また、内側の直径の寸法D1(mm)に対する外側の直径の寸法D2(mm)の比は、φ7.3mm/φ6mm≒1.22となっている。
【0045】
さらに、配線挿通孔54bの長さ寸法L(mm)は30mmであり、内側の直径の寸法D1(mm)はφ6mmであるから、長さ寸法L(mm)は、内側の直径の寸法D1(mm)の5倍(30mm/φ6mm)に形成されている。
【0046】
このように配線挿通孔54bとリード線53との寸法関係を設定することにより、所定の防水性能を確保することが可能で、配線挿通孔54bからカバー部材1内に雨水等の水気が侵入するのを防止することができる。例えば、水気が配線挿通孔54bの外側に到達した場合、この水気は、外側の直径の寸法D2(mm)における孔縁部分に滴状にたまり、自重によって落下するようになる。加えて、内側の直径の寸法D1(mm)は、小さくなっているので、水気の侵入を効果的に阻止することができる。
【0047】
なお、例えば、2本のリード線が外被によって1本に束ねられている配線を用いる場合には、リード線の直径の合計寸法d(mm)は、外被の直径の寸法d(mm)となる。
【0048】
次に、例えば、カバー部材1の交換等のメンテナンスにおいては、図6に示すように、カバー部材1を矢印方向に回動して基体部5から取外す。このカバー部材1の回動の際、光源部2及び点灯装置4は、カバー部材1側に支持されていて、リード線53が接続されている。
【0049】
したがって、仮に、従来のように、リード線53が防水ブッシングによって緊密的に保持されている場合には、カバー部材1を回動すると、リード線53が点灯装置4の接続部分から防水ブッシングまでの間で、回動に伴いねじれが生じるようになる。このねじれは、点灯装置4の接続部分から防水ブッシングまでの比較的短い長さ部分で生じるため、リード線53のねじれの屈曲度合いが大きく、リード線53の断線等の損傷や応力がかかって接続部が外れてしまう可能性があり、カバー部材1の交換等が困難となる問題が発生する。
【0050】
しかしながら、本実施形態では、配線挿通孔54bと、この配線挿通孔54bを挿通するリード線53との寸法関係において、リード線53にねじれが生じる度合いを軽減するように構成されている。つまり、配線挿通孔54bにおける内側の直径の寸法D1(mm)に対してリード線53の直径の合計寸法d(mm)が僅かながら小さくなっており、クリアランスが形成されている。また、内側の直径の寸法D1(mm)より外側の直径の寸法D2(mm)が大きく形成されている。
【0051】
したがって、このカバー部材1の回動に伴いリード線53は、配線挿通孔54b内において回動可能となり、すなわち、リード線53は、点灯装置4の接続部分から電源側の接続部分までの比較的長い長さ部分でねじれるようになるため、ねじれの屈曲度合いを軽減することが可能となる。
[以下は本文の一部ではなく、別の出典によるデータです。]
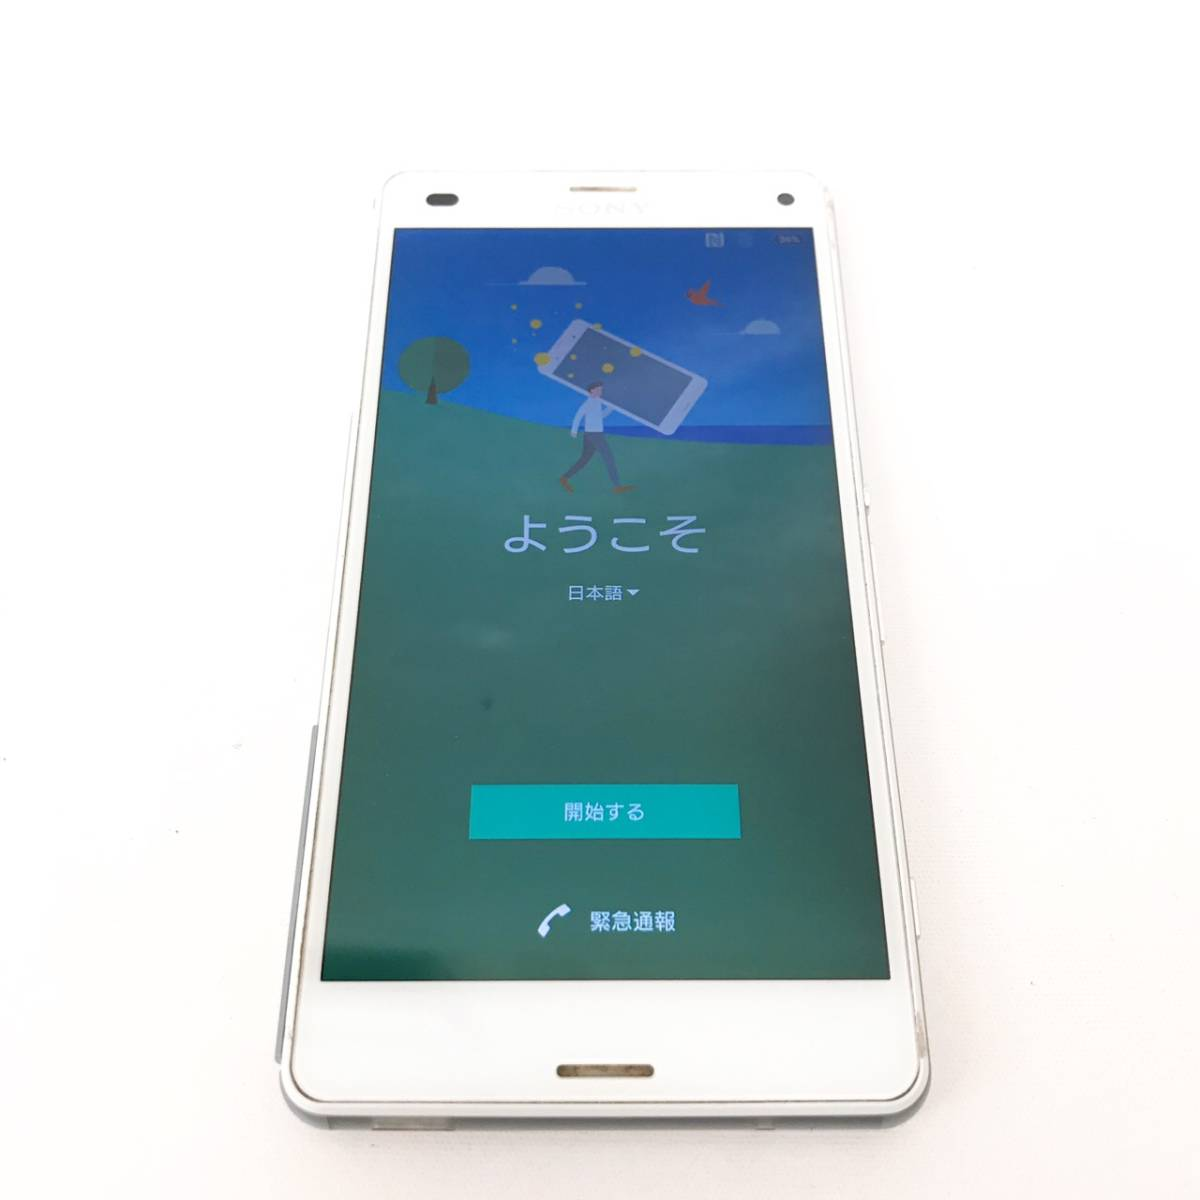 ★SONY XPERIA Z3 COMPACT SO-02G docomo ネットワーク利用制限〇★ドコモ/16GB/ソニー/エクスペリア/Z3 Compact/SO-02G/CD0

よって、所定の防水性能を確保しつつ、リード線53のねじれの屈曲度合いを軽減することが可能となる。
【0052】
なお、上記においては、配線挿通孔54bにおける内側の直径の寸法D1(mm)より外側の直径の寸法D2(mm)がやや大きく、D1<D2の寸法関係となっている場合について説明したが、内側の直径の寸法D1(mm)と外側の直径の寸法D2(mm)との関係を反対にして、外側の直径の寸法D2(mm)を小さく、内側の直径の寸法D1(mm)を大きくして、D2<D1の寸法関係となるように構成してもよい。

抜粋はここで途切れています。